I think it’s very rarely going to be the case that the simplest possible mesa-objective that produces good behavior on the training data will be the base objective. Intuitively, we might hope that, since we are judging the mesa-optimizer based on the base objective, the simplest way to achieve good behavior will just be to optimize for the base objective. But importantly, you only ever test the base objective over some finite training distribution. Off-distribution, the mesa-objective can do whatever it wants. Expecting the mesa-objective to exactly mirror the base objective even off-distribution where the correspondence was never tested seems very problematic. It must be the case that precisely the base objective is the unique simplest objective that fits all the data points, which, given the massive space of all possible objectives, seems unlikely, even for very large training datasets. Furthermore, the base and mesa- optimizers are operating under different criteria for simplicity: as you mention, food, pain, mating, etc. are pretty simple to humans, because they get to refer to sensory data, but very complex from the perspective of evolution, which doesn’t.
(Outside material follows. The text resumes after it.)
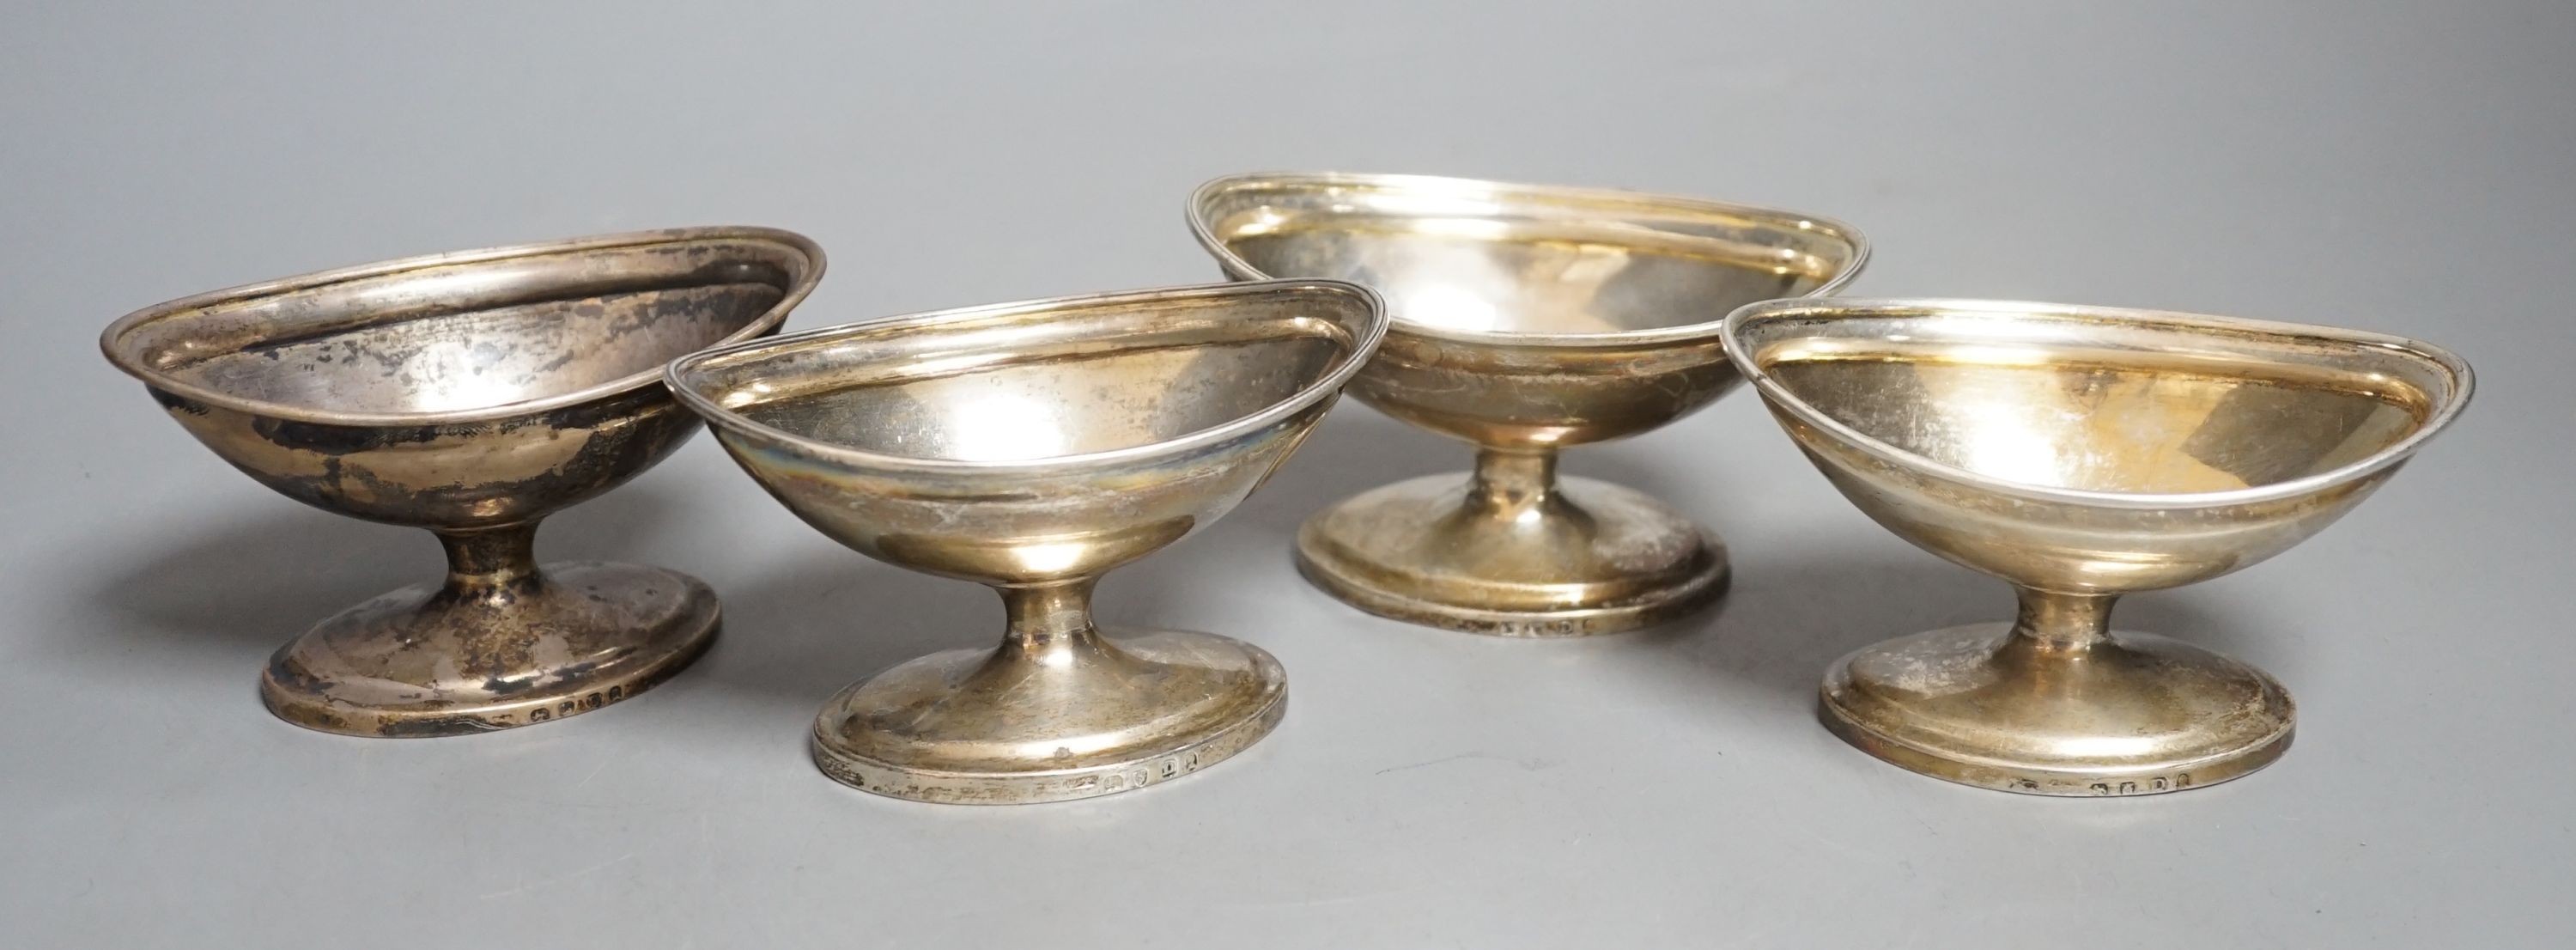 A set of four George III silver boat shaped pedestal salts, London, 1799, maker's mark rubbed, length 10cm, 345 grams.                                                                                                      
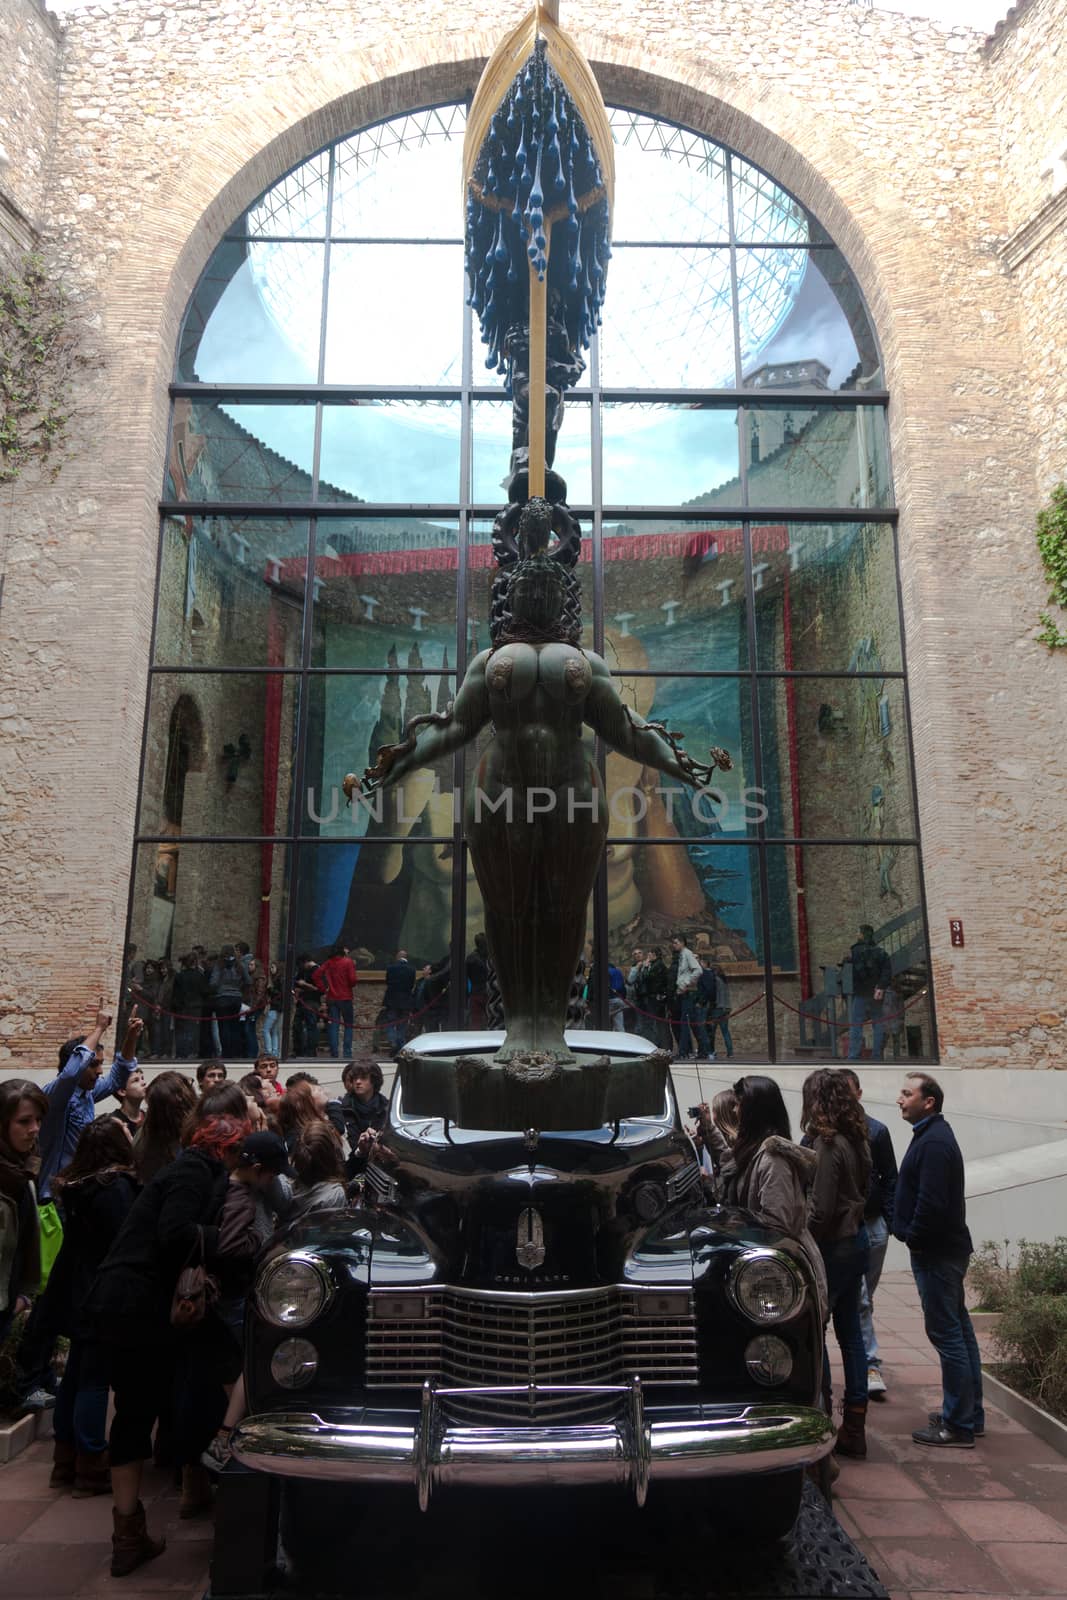 Dali Museum in Figueres, Spain by Portokalis

That being said, you might be able to get pretty close, even if you don’t hit the base objective exactly, though exactly how close is very unclear, especially once you start considering other factors like computational complexity as you mention.
More generally, I think the broader point here is just that there are a lot of possible pseudo-aligned mesa-objectives: the space of possible objectives is very large, and the actual base objective occupies only a tiny fraction of that space. Thus, to the extent that you are optimizing for anything other than pure similarity to the base objective, you’re likely to find an optimum which isn’t exactly the base objective, just simply because there are so many different possible objectives for you to find, and it’s likely that one of them will gain more from increased simplicity (or anything else) than it loses by being farther away from the base objective.
I agree that inner alignment is a really hard problem, and that for a non-huge amount of training data, there is likely to be a proxy goal that’s simpler than the real goal. Description length still seems importantly different from e.g. computation time. If we keep optimising for the simplest learned algorithm, and gradually increase our training data towards all of the data we care about, I expect us to eventually reach a mesa-optimiser optimising for the base objective. (You seem to agree with this, in the last section?) However, if we keep optimising for the fastest learned algorithm, and gradually increase our training data towards all of the data we care about, we won’t ever get a robustly aligned system (until we’ve shown it every single datapoint that we’ll ever care about). We’ll probably just get a look-up table which acts randomly on new input.
This difference makes me think that simplicity could be a useful tool to make a robustly aligned mesa optimiser. Maybe you disagree because you think that the necessary amounts of data is so ludicrously big that we’ll never reach them, even by using adversarial training or other such tricks?
I’d be more willing to drop simplicity if we had good, generic methods to directly optimise for “pure similarity to the base objective”, but I don’t know how to do this without doing hard-coded optimisation or internals-based selection. Maybe you think the task is impossible without some version of the latter?
I broadly agree that description complexity penalties help fight against pseudo-alignment whereas computational complexity penalties make it more likely, though I don’t think it’s absolute and there are definitely a bunch of caveats to that statement. For example, Solomonoff Induction seems unsafe despite maximally selecting for description complexity, though obviously that’s not a physical example.
as you mention, food, pain, mating, etc. are pretty simple to humans, because they get to refer to sensory data, but very complex from the perspective of evolution, which doesn’t.
I chose status and cheating precisely because they don’t directly refer to simple sensory data. You need complex models of your social environment in order to even have a concept of status, and I actually think it’s pretty impressive that we have enough of such models hardcoded into us to have preferences over them.
Since the original text mentions food and pain as “directly related to our input data”, I thought status hierarchies was noticeably different from them, in this way. Do tell me if you were trying to point at some other distinction (or if you don’t think status requires complex models).
I agree, status definitely seems more complicated—in that case it was just worth the extra complexity. The point, though, is just that the measure of complexity under which the mesa-objective is selected is different from more natural measures of complexity under which you might hope for the base objective to be the simplest. Thus, even though sometimes it is absolutely worth it to sacrifice simplicity, you shouldn’t usually expect that sacrifice to be in the direction of moving closer to the base objective.